Княжна Марья оглядывается, садится на подушки. Иван стоит перед ней.
Чего боишься? Я не варвар, не обижу.
Марья. Тебя — бояться! Будешь ножом резать, руки ломать, косы рвать — не заплачу.
Иван. Ну, что уж так-то закручинилась, касатка?
Марья. Отец, братья меня продали, увезли за тысячи верст, – мне же не кручиниться? Чего стоишь, как холоп? Прилично тебе сесть.
Иван. На змею похожа, что ни слово — вот-вот ужалишь.
Марья. То — касатка, то — змея. Хотела бы я орлицей быть. Выклевала бы тебе глаза, расправила бы крылья, полетела бы на мои горы.
Иван. А я бы кречетом обернулся и настиг тебя, прикрыл. Вот беда с девками норовистыми! А царицей хочешь быть? Пойдем в чулан — покажу тебе сундуки, коробья, – откроешь один — полный жемчуга, откроешь другой — бархаты из Мадрида. Откроешь еще — соболя, бобры, лисы. Чье это? — спросишь. Твое, скажу, царица, для твоего белого тела, для твоих черных кос, для твоих легких ног. А ты: уйди, постылый. Так, что ли? Чем же я тебе уж так-то не мил?
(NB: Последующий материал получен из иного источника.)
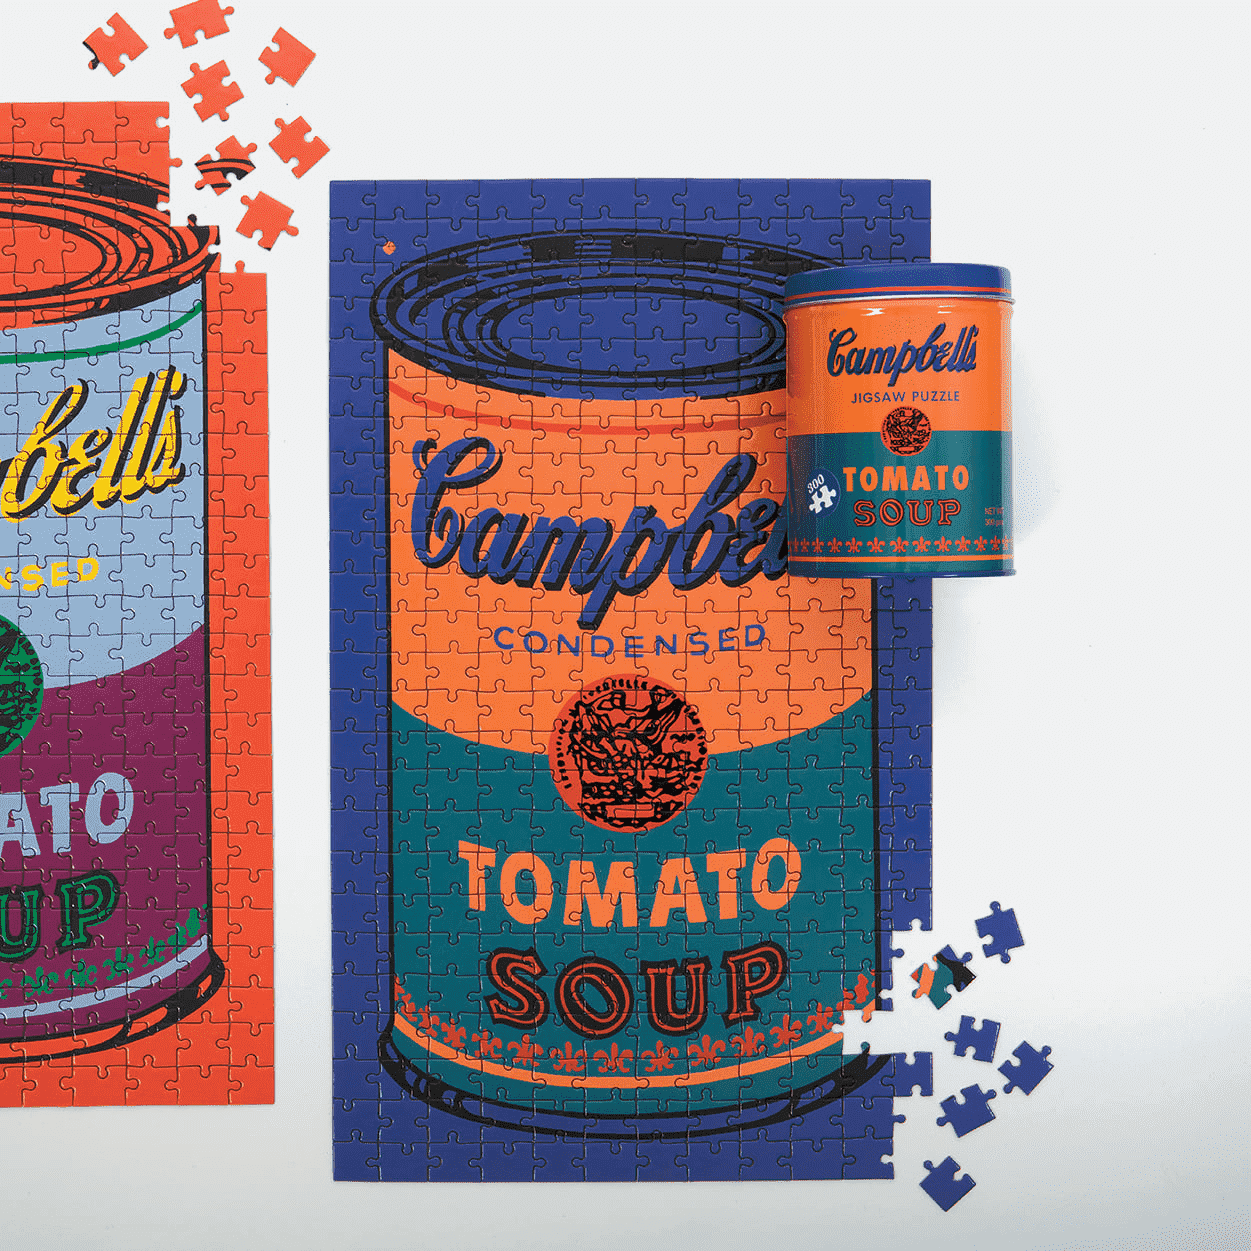 Andy Warhol Soup Can Crayons + Sharpener [Book]
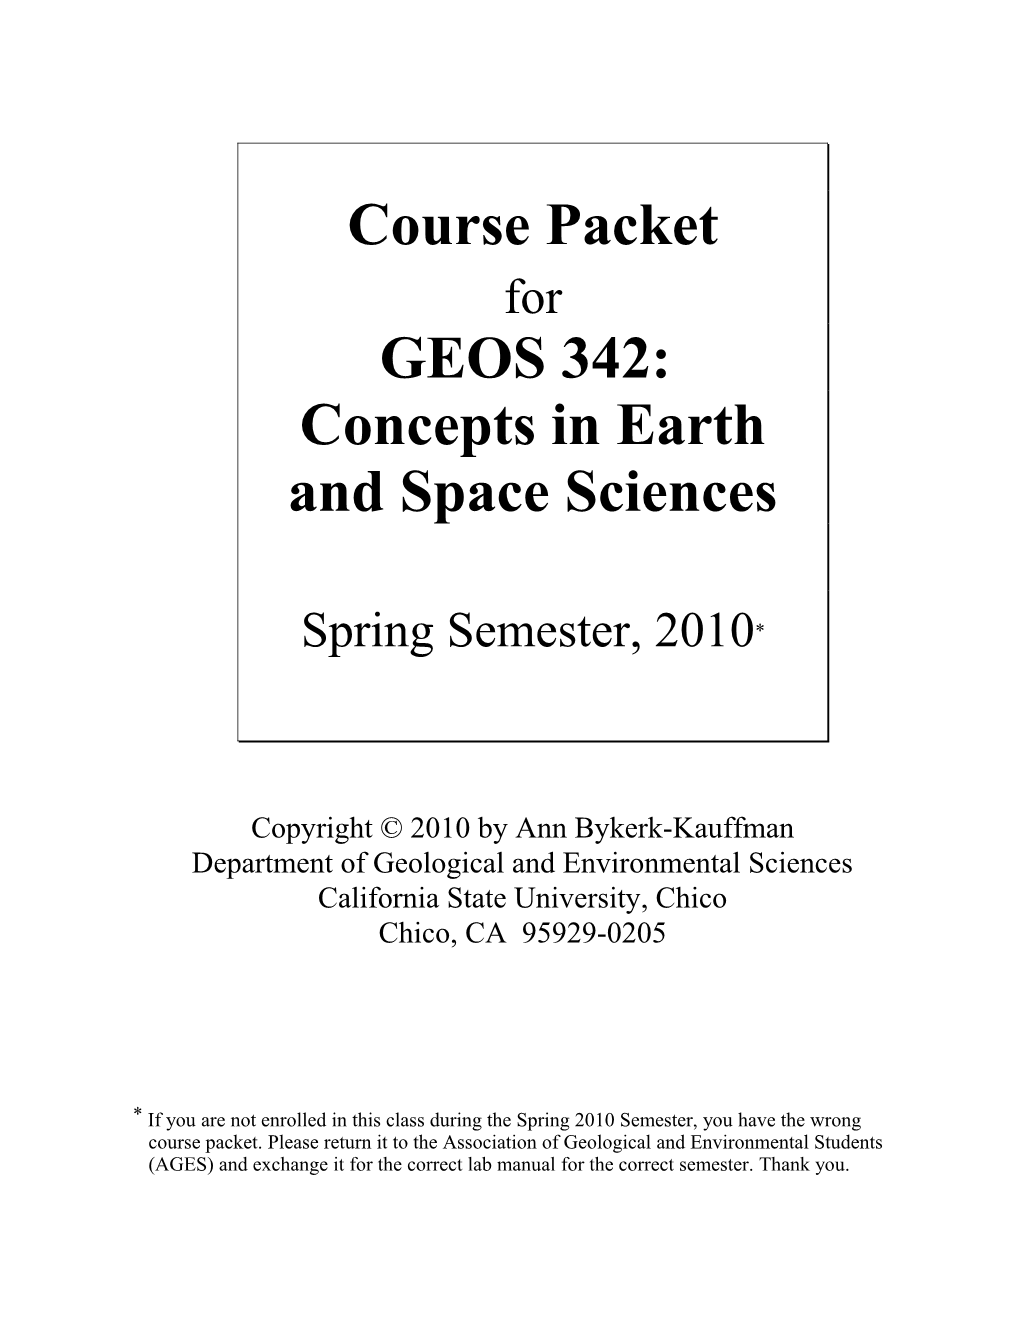 Concepts in Earth and Space Sciences

Марья. Уж не из-за твоих ли сундуков с жемчугами да соболями будешь мил?
Иван. Станом я не тонок и не ловок, и нос у меня покляп,[166] и разговор тяжел. А на коня сяду, охотского сокола на красную рукавицу посажу, да колпак сдвину, да завизжу! Румянцем зальешься, глядя на меня. Мой-то, скажешь, суженый — чисто вяземский пряник. Марья. Поскачешь, да упадешь, как мешок. Иван (засмеялся). А хочешь — покажу, как со зверем бьются один на один? Велю привести медведя. Ты на печку залезь, а я пойду на него с одним ножом. Марья. Врешь.
Иван (засмеялся). Нет, не вру.
Марья. Не знаю, зачем ведешь простые речи, смешишь меня. Напрасно меня в такую даль завезли, чтобы дурака слушать.
Иван вспыхнул, глядит на нее, сна не спускает глаз.
Иван. Ты — умна… Смела… А думал — дикая черкешенка!
Марья (с гордой усмешкой). Я в Мцхете в монастыре училась книжному искусству и многим рукоделиям. В Тбилиси при дворе грузинского царя мне подол платья целовали. А тебя мне слушать скучно.
Иван. Это хорошо. Это — удача. (Встает и ходит кошачьей походкой. Берет подсвечник и переставляет его, освещая лицо черкешенки.) Добро, добро, что не хочешь со мной шутить. Послушай другие речи. К твоему отцу, Темрюку, послал я сватов не за твоей красотой.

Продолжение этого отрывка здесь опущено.